SANDESTIN, FLA. – An array of potential new options for psoriatic arthritis offers new targeted options and poses challenges for how to use the drugs, Arthur Kavanaugh, MD, professor of medicine at the University of California, San Diego, said in a video interview at the annual Congress of Clinical Rheumatology.

“We’re seeing a second wave – a second wave driven by the additional ways that we have to target aspects of the immune system relevant to psoriatic arthritis,” he said.

First used to treat rheumatoid arthritis, monoclonal antibodies to interleukin targets, including IL12 and IL23 (ustekinumab) and IL17 (secukinumab and ixekizumab), have become established psoriatic arthritis therapies. Additionally, the Janus kinase (JAK) inhibitor tofacitinib has become an option.
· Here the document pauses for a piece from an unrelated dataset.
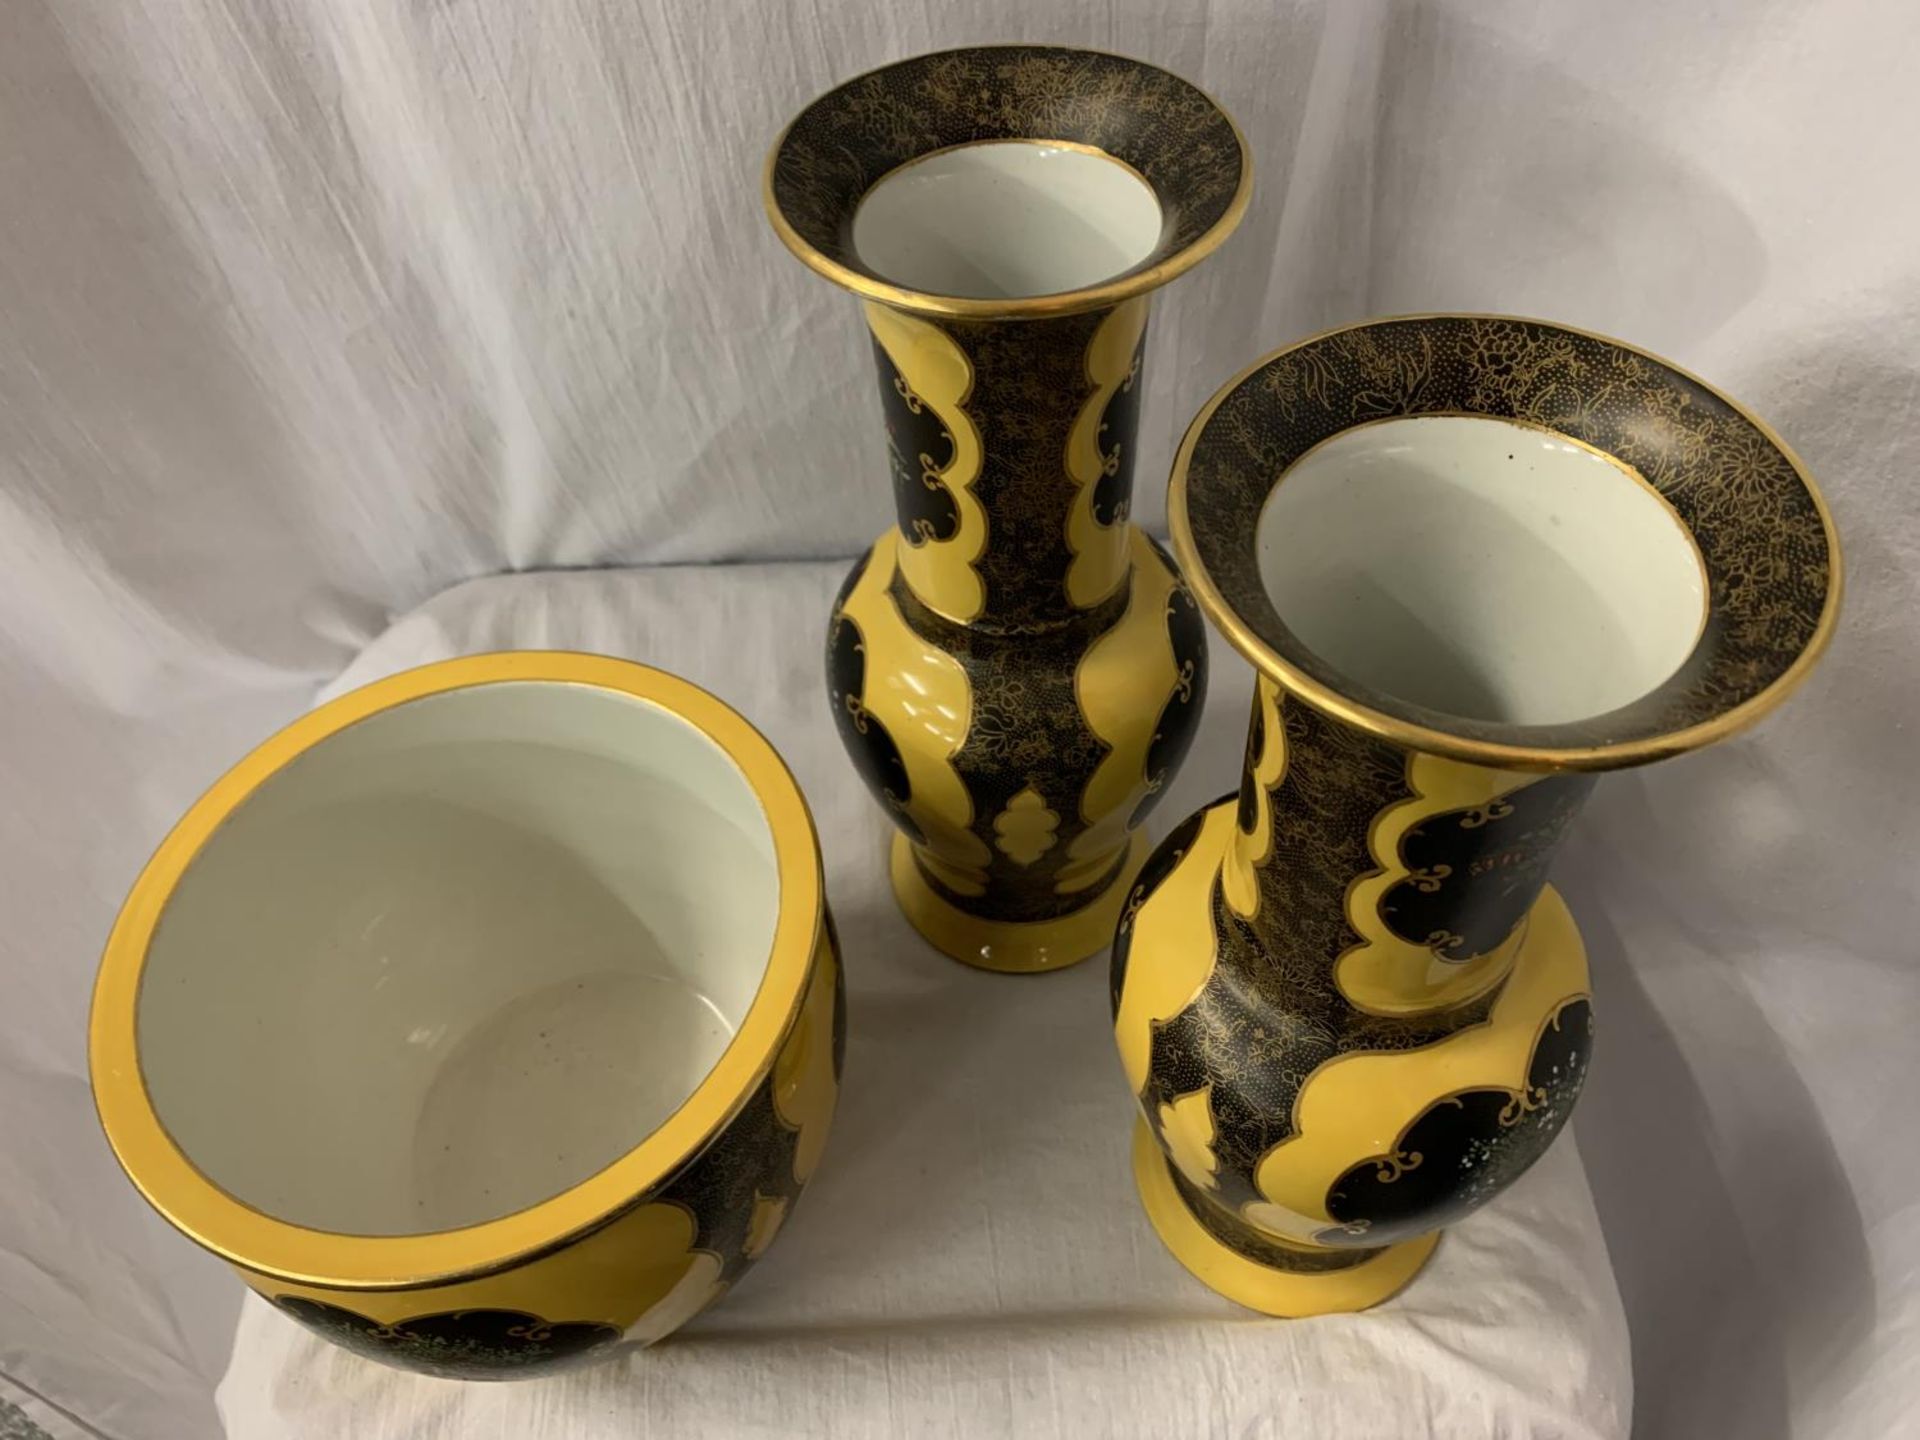 A GROUP OF DECORATIVE CARLTON WARE, A PLANTER AND A PAIR OF VASES H: 32.5CM - Image 2 of 4

Other options in the pipeline include the JAK inhibitor baricitinib; the anti-IL23 monoclonal antibodies guselkumab, risankizumab, and tildrakizumab; and even more anti-IL17 therapies, including brodalumab and bimekizumab .

“Now we have the synergy of having novel therapeutic approaches to maybe address some of the different domains of disease,” he said. Despite efforts to develop better biomarkers, it’s hard to predict how an individual patient will respond to a specific therapy. The longer the menu of therapeutic options, the better it is for patients.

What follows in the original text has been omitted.